Measure Complexity Explanation
Time O((n + m) log n) Each node and query performs Fenwick updates or queries
Space O(n + m) Tree storage, Euler arrays, grouped queries, Fenwick tree

With 10^5 nodes and queries, roughly a few million Fenwick operations fit comfortably within the limits. Memory usage also remains linear.

Test Cases

# helper: run solution on input string, return output string
import sys
import io
from collections import defaultdict

def run(inp: str) -> str:
    sys.stdin = io.StringIO(inp)

    input = sys.stdin.readline

    class Fenwick:
        def __init__(self, n):
            self.n = n
            self.bit = [0] * (n + 1)

        def add(self, idx, val):
            while idx <= self.n:
                self.bit[idx] += val
                idx += idx & -idx

        def query(self, idx):
            res = 0
            while idx > 0:
                res += self.bit[idx]
                idx -= idx & -idx
            return res

        def range_query(self, l, r):
            return self.query(r) - self.query(l - 1)

    n = int(input())

    names = [""] * (n + 1)
    children = [[] for _ in range(n + 1)]
    roots = []

    for i in range(1, n + 1):
        s, r = input().split()
        r = int(r)

        names[i] = s

        if r == 0:
            roots.append(i)
        else:
            children[r].append(i)

    tin = [0] * (n + 1)
    tout = [0] * (n + 1)
    depth = [0] * (n + 1)

    depth_nodes = defaultdict(list)

    timer = 0

    sys.setrecursionlimit(1 << 25)

    def dfs(v, d):
        nonlocal timer

        timer += 1
        tin[v] = timer
        depth[v] = d

        depth_nodes[d].append((tin[v], names[v]))

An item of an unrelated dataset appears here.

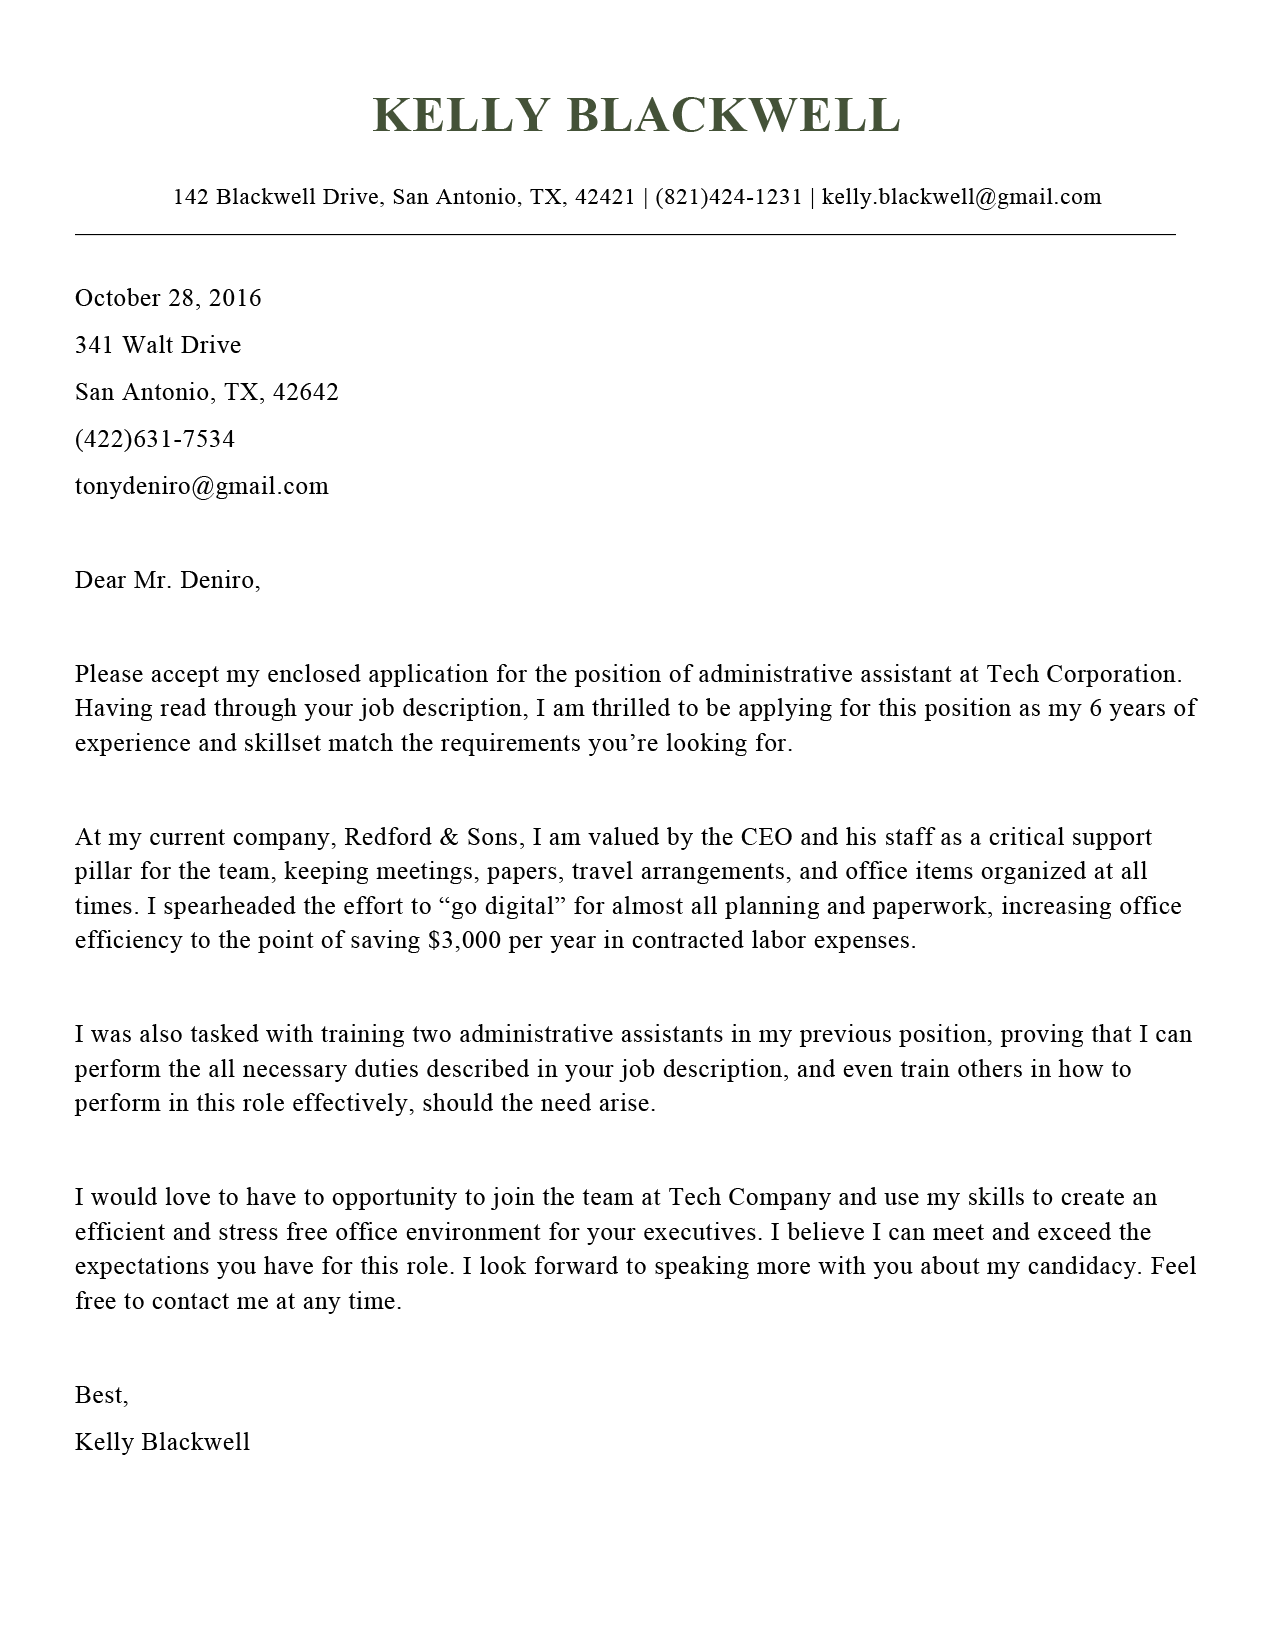 Cover Letter Builder Online Free Lv Crelegant Com

        for to in children[v]:
            dfs(to, d + 1)

        tout[v] = timer

    for r in roots:
        dfs(r, 0)

    m = int(input())

    queries_by_depth = defaultdict(list)
    ans = [0] * m

    for idx in range(m):
        v, k = map(int, input().split())

        target = depth[v] + k

        queries_by_depth[target].append(
            (tout[v], tin[v], idx)
        )

    bit = Fenwick(n)

    for d in queries_by_depth:
        nodes = sorted(depth_nodes.get(d, []))
        queries = sorted(queries_by_depth[d])

        last = {}
        ptr = 0
        used = []

        for r, l, idx in queries:
            while ptr < len(nodes) and nodes[ptr][0] <= r:
                pos, name = nodes[ptr]

                if name in last:
                    bit.add(last[name], -1)

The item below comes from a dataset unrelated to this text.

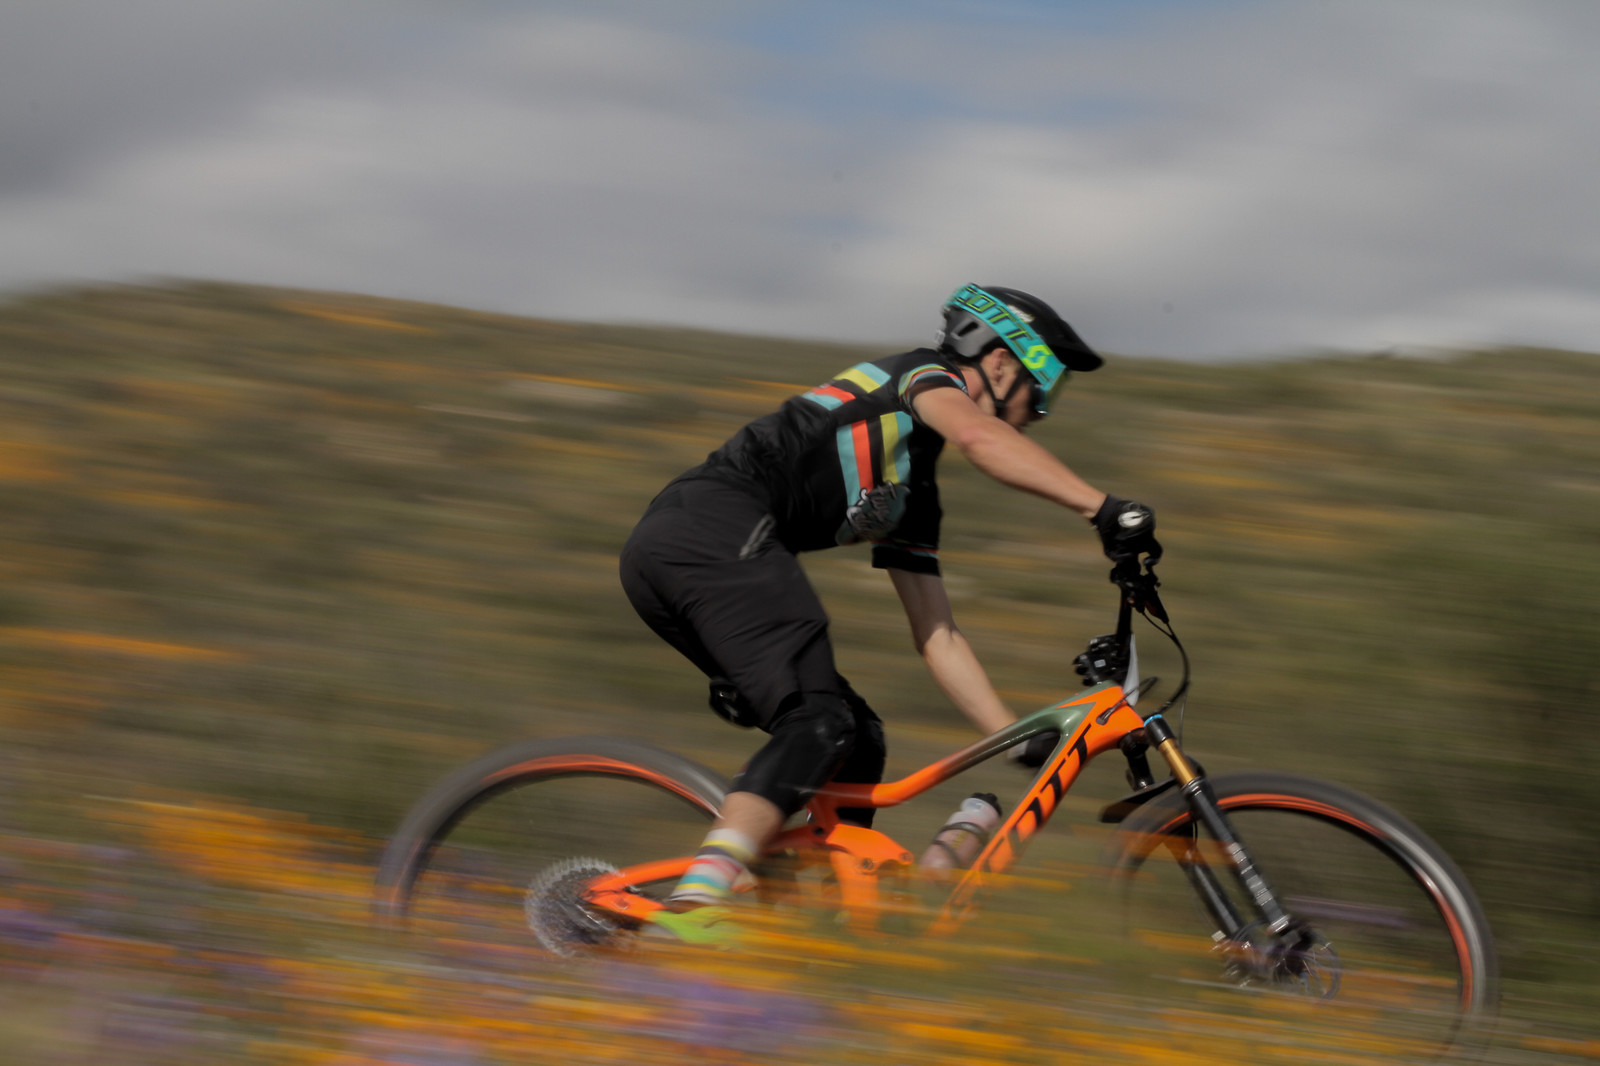 IMG 2072 - Liam Donohue - Mountain Biking Pictures - Vital MTB

                bit.add(pos, 1)
                last[name] = pos

                used.append(pos)

                ptr += 1

            ans[idx] = bit.range_query(l, r)

        for pos in used:
            bit.add(pos, -1)

    return "\n".join(map(str, ans))

# provided sample
assert run(
"""6
pasha 0
gerald 1
gerald 1
valera 2
igor 3
olesya 1
5
1 1
1 2
1 3
3 1
6 1
"""
) == "2\n2\n0\n1\n0"

# minimum size
assert run(
"""1
alex 0
1
1 1
"""
) == "0"

# repeated names
assert run(
"""5
john 0
john 1
john 1
alice 2
alice 3
2
1 1
1 2
"""
) == "1\n1"

# multiple roots
assert run(
"""4
a 0
b 0
c 1
d 2
2
1 1
2 1
"""
) == "1\n1"

# chain tree, missing depth
assert run(
"""4
a 0
b 1
c 2
d 3
2
1 5
2 2
"""
) == "0\n1"
Test input Expected output What it validates
Single node tree 0 Missing target depth
Repeated names 1 1 Distinct counting correctness
Multiple roots 1 1 Forest traversal correctness
Deep chain with large k 0 1 Boundary depth handling

Edge Cases

Consider a forest with multiple roots:

4
a 0
b 0
c 1
d 2
2
1 1
2 1

DFS starts from both roots 1 and 2. Euler intervals become:

Node tin tout
1 1 2
3 2 2
2 3 4
4 4 4

Query (1,1) maps to interval [1,2] at depth 1, which only contains node 3. Query (2,1) maps to [3,4], containing only node 4.

The algorithm handles disconnected trees because every root launches its own DFS.

Now consider nonexistent depths:

3
a 0
b 1
c 2
1
1 5

The target depth is 5, but depth_nodes[5] is empty.

During processing, the node list for this depth is empty, so no Fenwick updates happen. The range query immediately returns 0.

Repeated names inside the same subtree behave correctly:

5
john 0
john 1
john 1
alice 2
alice 3
2
1 1
1 2

At depth 1, nodes (2, john) and (3, john) appear. When processing the second occurrence, the first one is removed from the Fenwick tree.

So the subtree interval contains exactly one active occurrence for john, producing answer 1 instead of 2.